One of the enhancements to NetWorker v8 has been the introduction of additional client side compression options.
If you’ve been using client side compression, you’ll know that a directive for it looks somewhat like the following:
<< . >> +compressasm: * .* *.*
This has always used a very basic NetWorker compression algorithm; it yields some compression savings, but it’s never been massively efficient in terms of space savings. So, for organisations that have needed to squeeze the client data down to the absolute minimum for transmission, it’s not been entirely successful – it gets some savings, but not as much as we know it could get if it were using a better algorithm.
Enter, NetWorker v8. The ‘compressasm’ directive gets new options: gzip, and bzip2.
However, the documentation is slightly incorrect for these, so below you’ll find the correct usage:
<< . >> +compressasm -gzip -X: * .* *.*
And:
<< . >> +compressasm -bzip2 -X: * .* *.*
Where ‘X’ is a number between 1 and 9 to specify the compression level aimed for, where 1 is minimal, and 9 is maximum. If that level is not specified, it defaults to 9.
In particular, the usage difference is the NetWorker documentation does not cite a dash in front of the compression number; if you follow the documentation and just use the number as-is, the compression level will be ignored, and the default of maximum compression (9) will be used. You’ll also get a warning of:
save: Ignored incorrect ASM argument '4' in file '/path/to/.nsr'
If you’re not a Unix user, you may not know too much about gzip and bzip2. Suffice it to say that those algorithms have been around for quite some time now, and generally speaking, you should expect to see better compression ratios achieved from the same sample data on bzip2 compression rather than gzip compression – at a cost in CPU cycles. Obviously though, this depends on your data.
I assembled a block of about 30GB to test client side compression with. In that data, there was around:
- 15 GB in virtual machine files (containing 2 x Linux installs);
- 15 GB in text files – plain text emails from a monitoring server, saved to disk as individual times.

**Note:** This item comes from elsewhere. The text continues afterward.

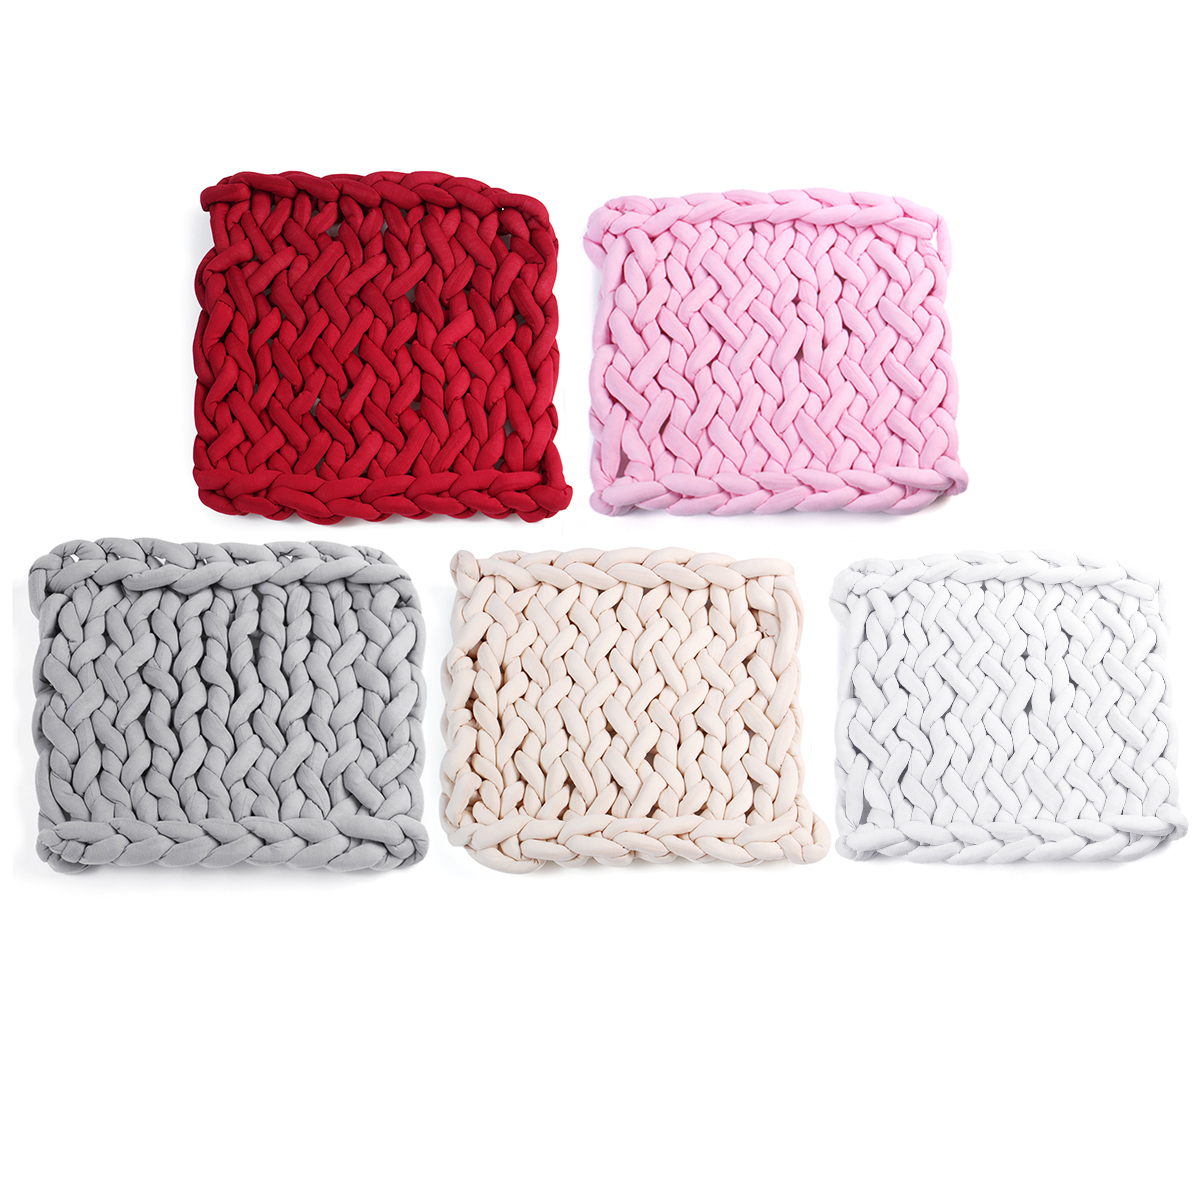 50-x-50cm-Handmade-Knitted-Blanket-Cotton-Soft-Washable-Lint-free-Throw-Multicolored-Thick-Thread-Bl-1637005-4

All up, there were 633,690 files to be backed up.
For both the gzip and the bzip2 compression testing, I went for level-5 on the scale of 1 to 9. Not absolute best compression, but not as CPU intensive as the full compression options, either. Here’s the results I got:
Original Data Size (GB) | % Reduction | Data Stored (GB) |
---|---|---|
5000 | 80% | 1000 |
5000 | 82% | 900 |
5000 | 84% | 800 |
5000 | 86% | 700 |
5000 | 88% | 600 |
5000 | 90% | 500 |
5000 | 92% | 400 |
5000 | 94% | 300 |
5000 | 96% | 200 |
5000 | 98% | 100 |
5000 | 99% | 50 |
Clearly the new compression algorithms come at a cost in backup time. Yet, they can also make for increased data reduction. Typically during testing I found that with bzip2 compression, CPU utilisation on a single save would hit around 90% or more on a single core, as opposed to the 10-15% utilisation that seemed to peak with standard ‘compressasm’ options.
Are you seeing a lot of call for compression out there these days? I’m curious about it. Most of the stuff I architect tents to involve a Data Domain as a primary target, so compression is sort of thrown out of the window first off.
Keep up the great work, btw, I have really enjoyed your posts, and found them very useful.
I don’t see a huge demand for client side compression – and deduplication has certainly seen a continued reduction in the use. However, there’s a kernel of companies out there who remain big fans of it – usually in situations where a large number of clients are connected via firewalls, or sections of the enterprise are interconnected by lower speed links.
Thanks for the feedback 🙂
good tests results…thanks…
Client-side compression reduces your disk-to-disk backup licensing costs (which for us are higher than the actual cost of storage). Unless you have very long retention periods or an unusually large proportion of duplicate data across clients, TCO of compression+dumb storage likely beats deduplication.
Ongoing annoyance: mminfo lies about the size of your backups (reporting the compressed size). This makes it more difficult to audit whether everything’s really getting backed up properly.